Starting with a clean sheet of paper, a manufacturer could make an S&W or Colt Model of 1917, a large double action, single action handgun that would fill an immense gap in the CO2 pistol line available today. And there is actually nothing internally different in making this gun in CO2 than a Colt Python or Dan Wesson Model 715. As a pellet cartridge firing model this would be a best seller. If a pistol like this was offered in CO2, wouldn’t you want one?

And here is the one that should leave all of you scratching your heads, the Walther P.38K, a snub nose version of the WWII P.38…

…It already exists as a CO2 model by Umarex (top). And the blowback action air pistol has a removable barrel. Add a front sight to the top of the slide, shorten the barrel, use black grips and the job is done. Here is a custom model just waiting to happen.

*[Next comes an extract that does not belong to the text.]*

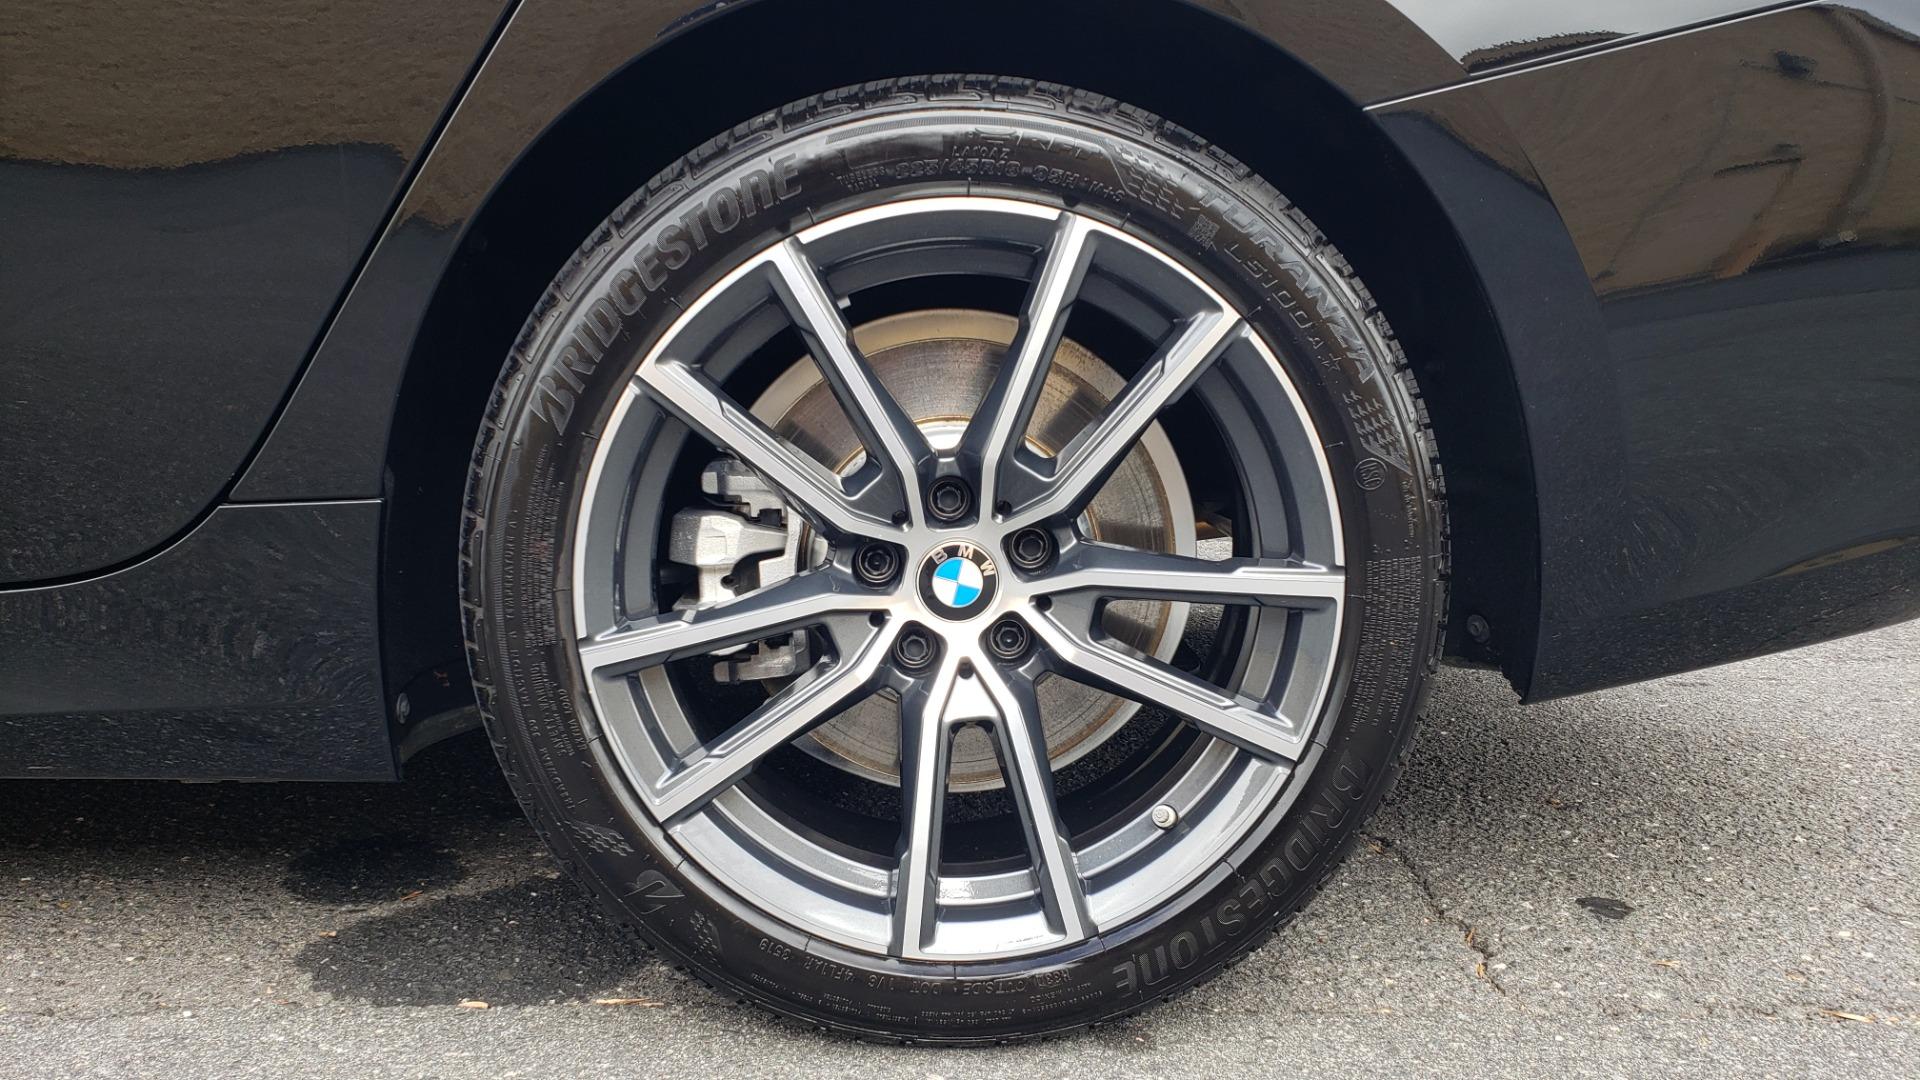 Used 2019 BMW 3 SERIES 330I PREM PKG / NAV / CONV PKG / H&K SND / LIVE COCKPIT PRO for sale Sold at Formula Imports in Charlotte NC 28227 84

I know I have never used this column as an editorial platform before and I’m not actually going to do that now. All of the ideas that you have shared with me about new models, models that pique your interest as enthusiasts and collectors are possible. Some so simple that I can’t begin to accept the manufacturer’s excuses for not doing them other than there simply isn’t enough demand to do so, that even comes down to importing existing variations of guns they already import! But to wrap up, here are five real centerfire models that many of you have been clamoring for as CO2 versions, some that could be done with very little effort on the part of manufacturers, and a couple that are almost clean sheet of paper projects. But, so was every new CO2 model out there today, the Webley MK VI, Colt Peacemaker, Mauser Model 712 Broomhandle, even the Model 1911. Here are five that could be done if manufacturers are willing to take these same bold steps once again.

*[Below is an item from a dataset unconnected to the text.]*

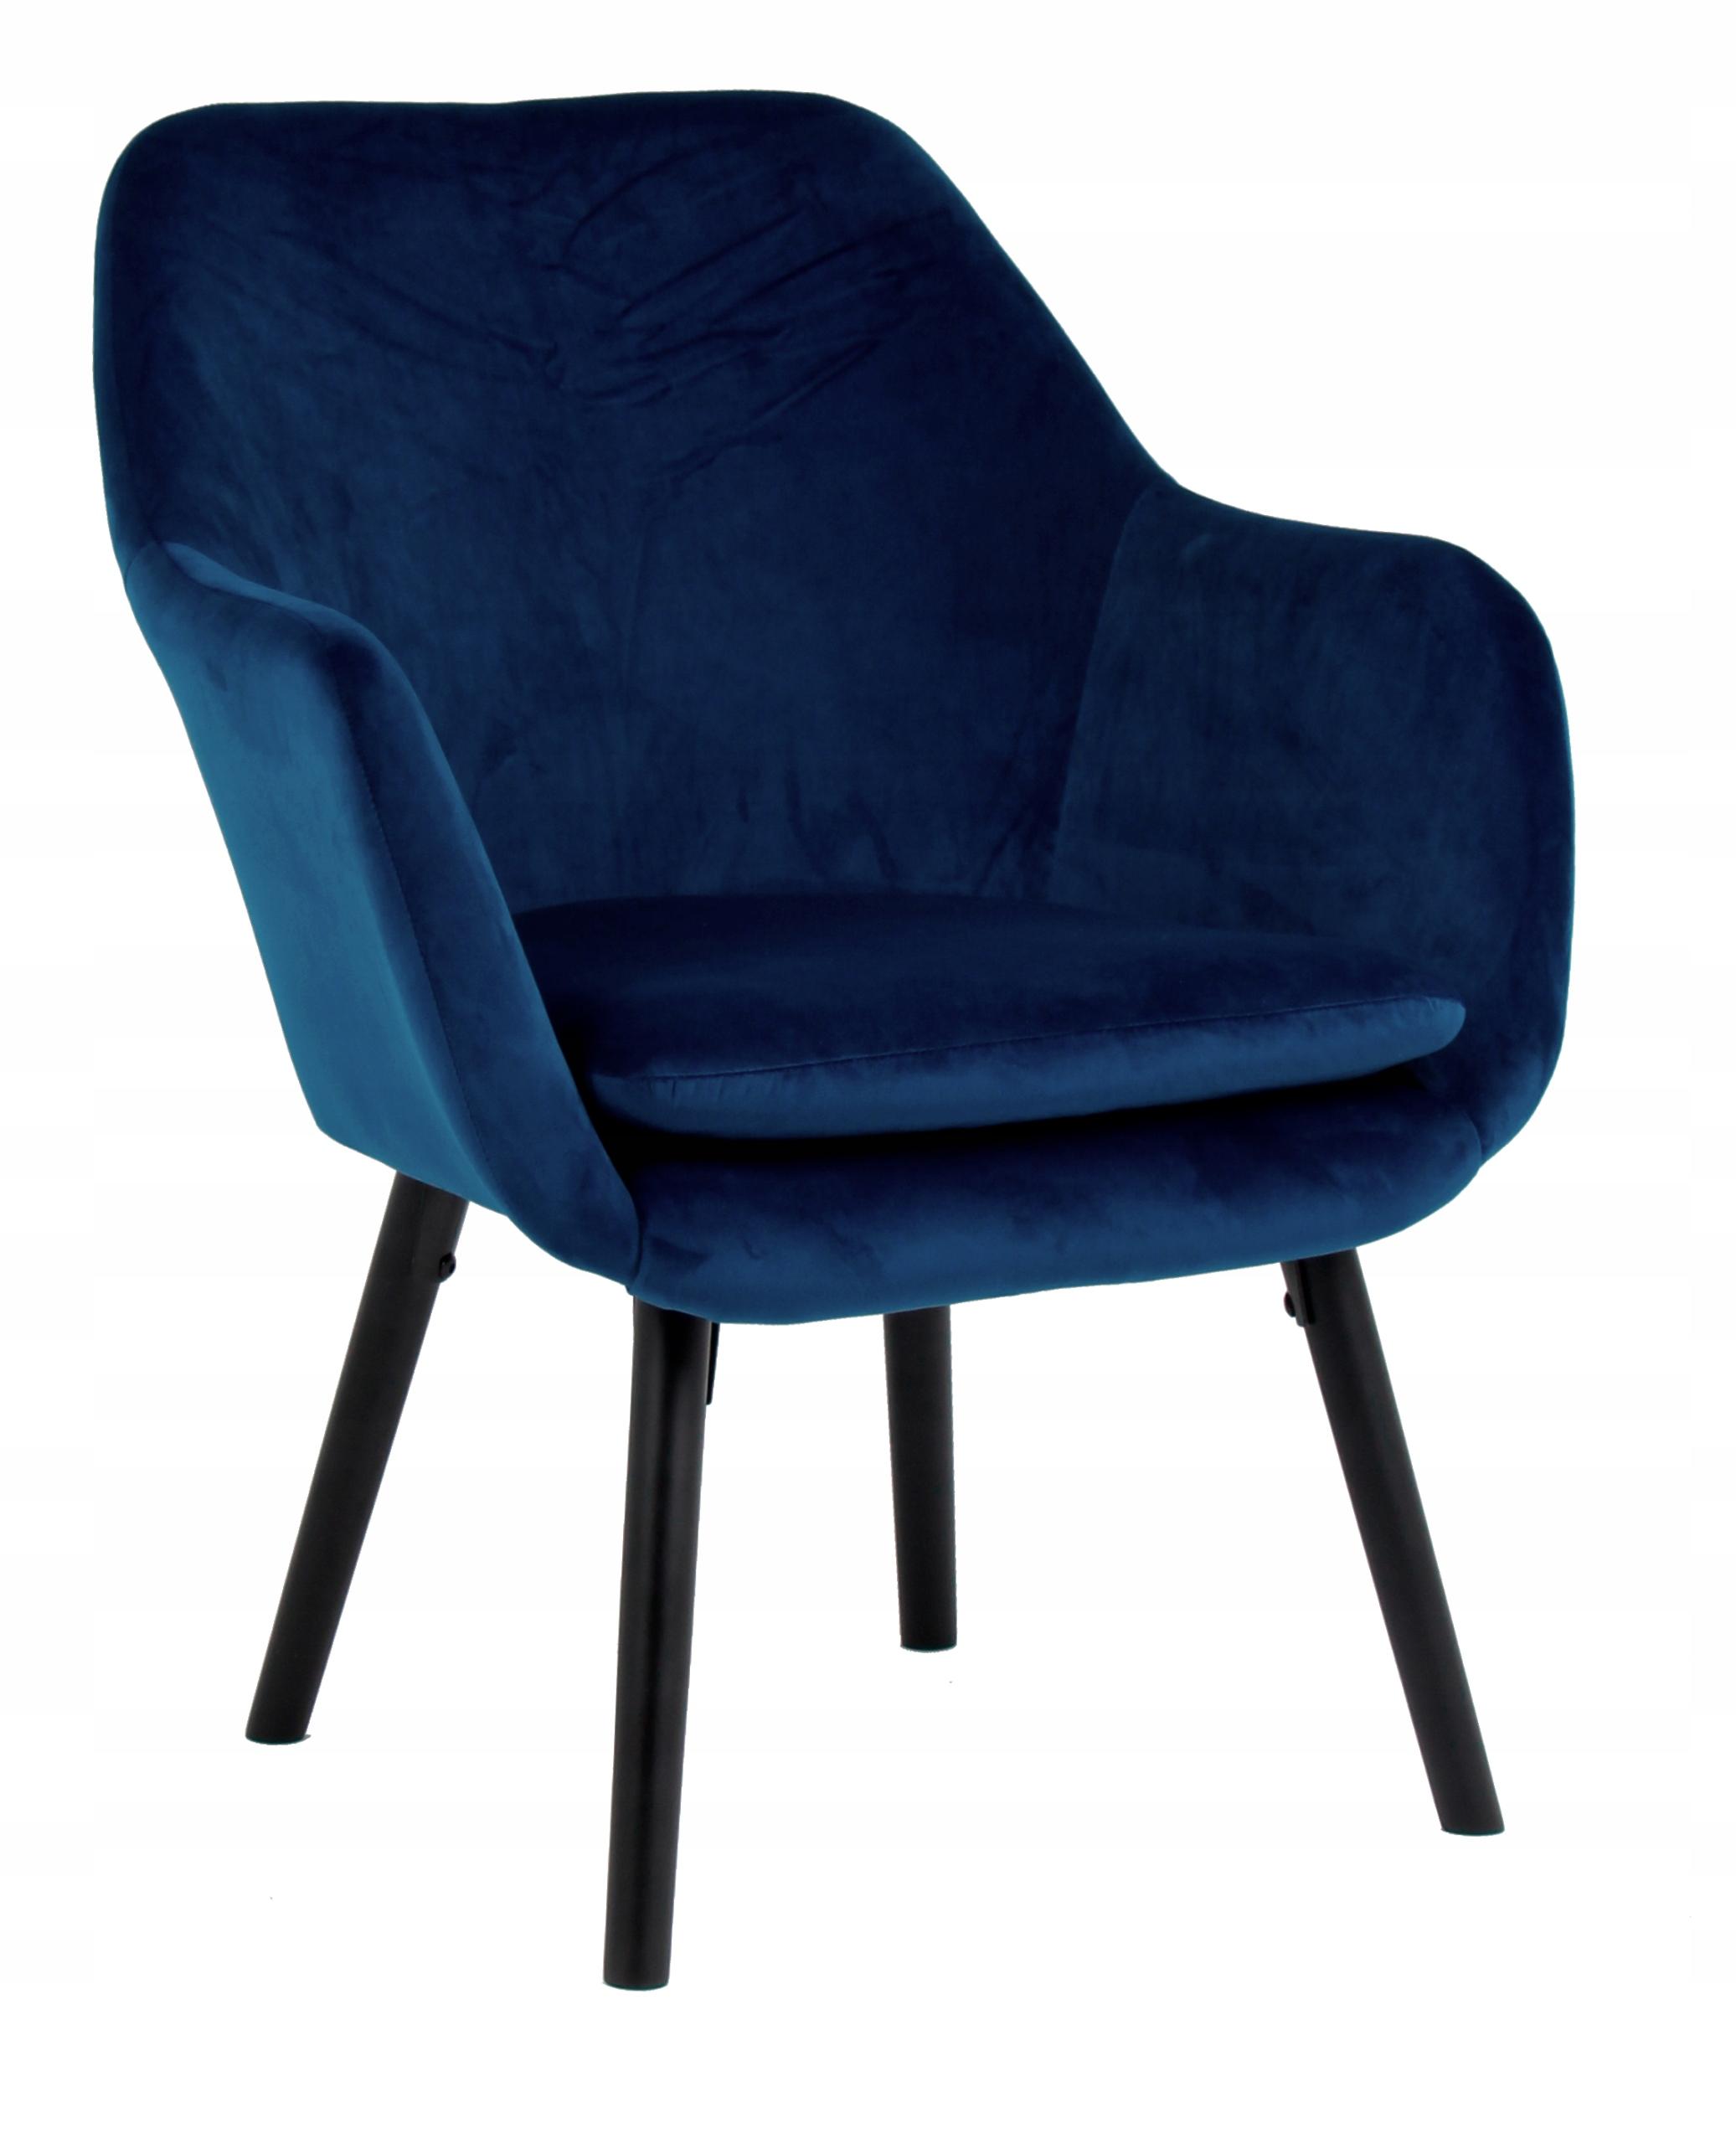 Fotel tapicerowany Boston 2 ciemny niebieski

2 thoughts on “Perchance to Dream

  1. Make it so. Not Shakespeare, Star Trek, Captain Picard. The1917 , the P38 k and the 1903 are screaming for production.If the 1917 doesn’t make it ,I might have to buy a 45


  2. The airgun manufacturers are making the same mistake as certain firearms companies. They either think they can rest on their reputation or ignore what shooters want . Two examples areColt , a once great giant that is now a sad remnant of a once great giant , and Remington , now in what appears to be a fatal bankruptcy. Some airgun manufacturers are making the same mistakes. The would do wellto participate in blogs , or st least read them. The company that gets anA for listening is Ruger. For a year I , and others wrote to the CEO online. My suggestion was a pistol caliber Carbine , with takedown in 9 mm and 45 acp , with interchangeable mag wells to fitpopular brands other than Ruger. The PC9 with those features is out in 9 mm and I expect 45 acp to follow. The pistols and revolvers above should be a give to companies with their finger on their customer’s pulse.